Watching Lennox crawl around in the middle of the mat with impunity during the ‘Jack and Jill’ warm-up it was hard not to be impressed. He is good; and he knows it.

The first activity was of course ‘wheelbarrow to get the remote control’, which readers may recall Milo triumphed in last week. Now, during the week I have consulted Wikipedia, Wisden and the Grays Sports Almanac and I am confident no baby has ever won this event two weeks in a row. I didn’t tell Milo of my findings to avoid undue pressure, but I knew he was on the precipice of greatness.

The remote control was tossed onto the mat and Milo started well. In fact, the Gymbaroo instructor acknowledged Milo’s early form specifically saying “Milo is going to show us how it is done”. Well, Milo had a healthy lead and had only to continue on his forward trajectory to achieve greatness. Instead he turned left toward a little baby called Amelia, and the chance was lost. The stickler in me would point out the remote control really wasn’t placed directly in the middle of the mat, it greatly favoured those on the Western side, but in truth it wouldn’t have mattered. Lyndie, another new face, grabbed the remote, and the ascendancy. Milo continued happily toward Amelia and they sort of butted their heads together before returning to their respective parent’s laps.

Milo performed well in the ‘wash the laundry, dry the laundry’ game but always seemed to be whooshing when he should have been shooshing. He flipped elegantly in the ‘incey wincey spider sequence’ but it was low profile, and therefore low reward.

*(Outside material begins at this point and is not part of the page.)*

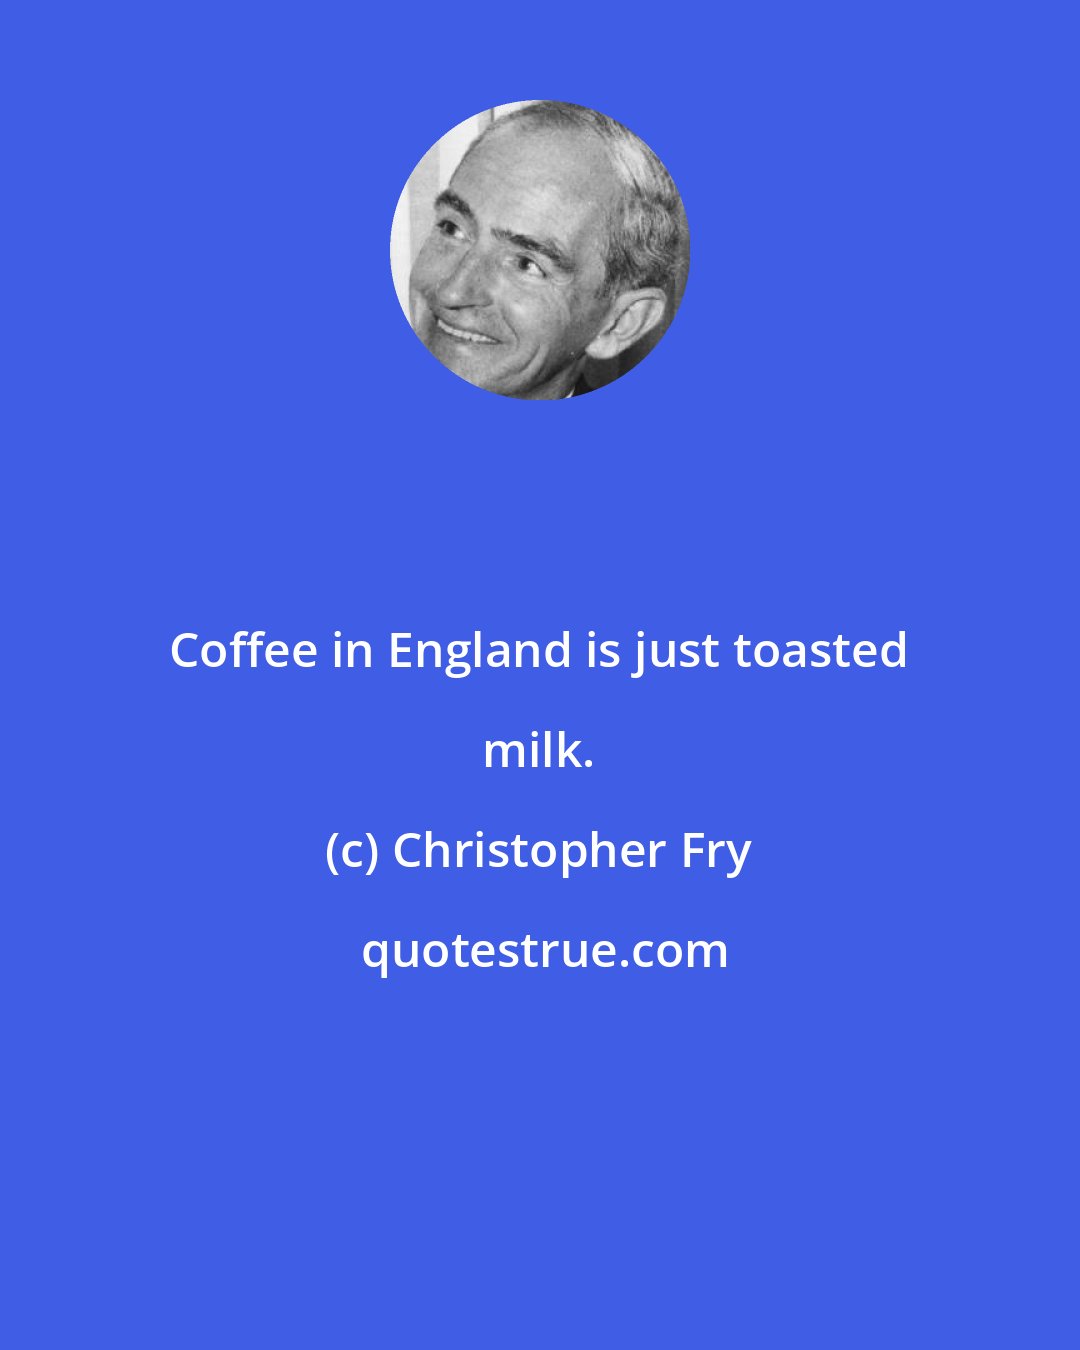 Christopher Fry: Coffee in England is just toasted milk.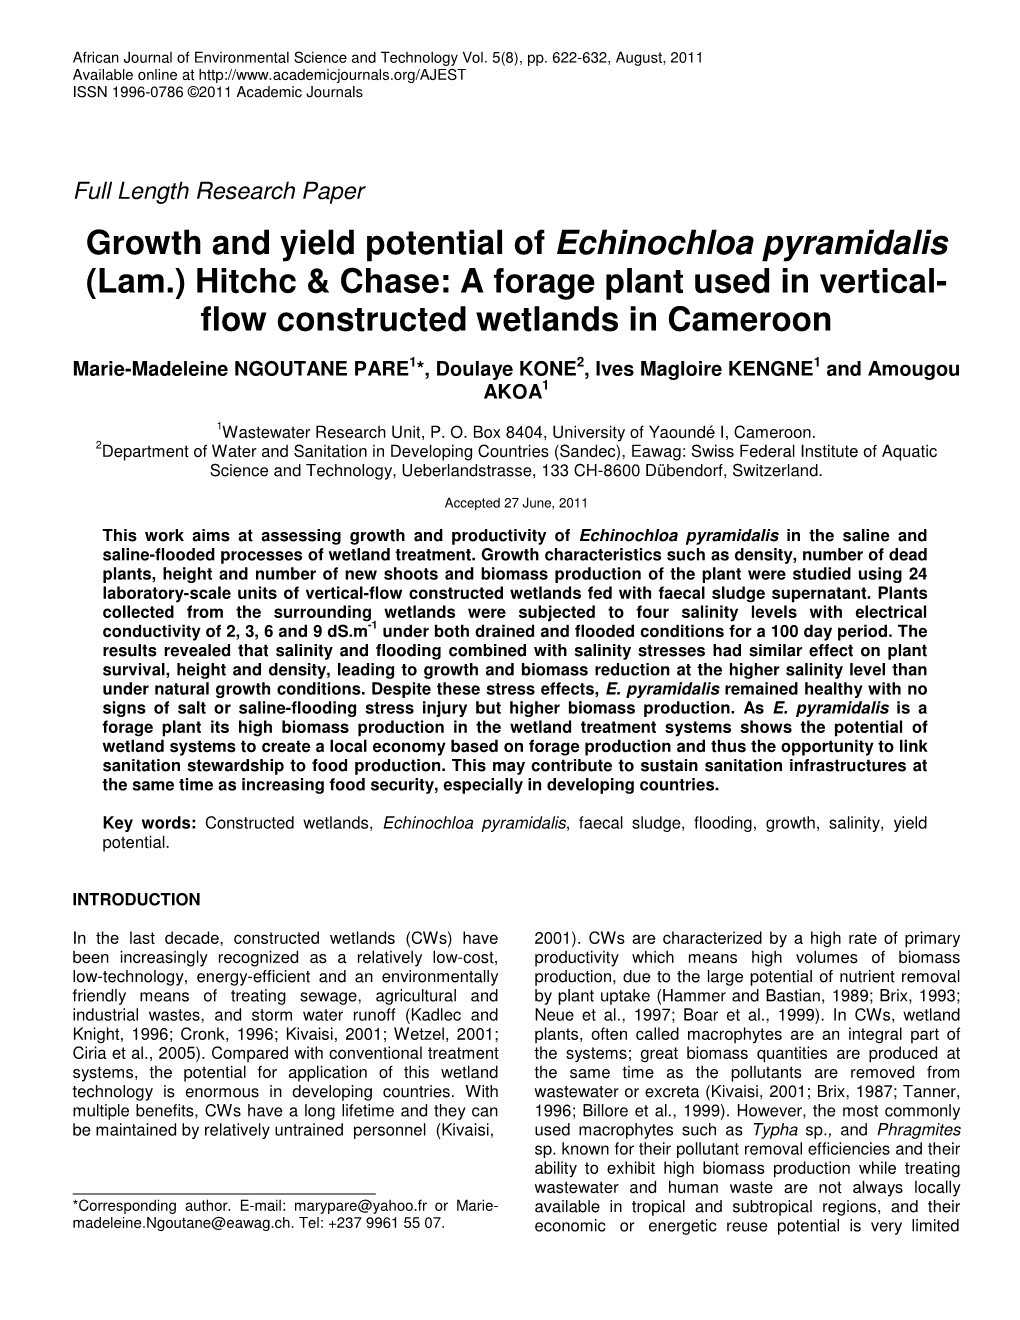 Growth and Yield Potential of Echinochloa Pyramidalis (Lam.) Hitchc & Chase: a Forage Plant Used in Vertical- Flow Constructed Wetlands in Cameroon

Soon we headed into the gym. Milo went straight for some high difficulty apparatus, brushing away my urgings to warm up appropriately; the spider web climbing thingy with the bells attached to it, the hangy tube which was elevated off the ground today for additional risk, the ladder laying on top of the slide with the plastic bumblebee at the top, and then the long red inclined tube with a nasty 12% gradient dip toward the end.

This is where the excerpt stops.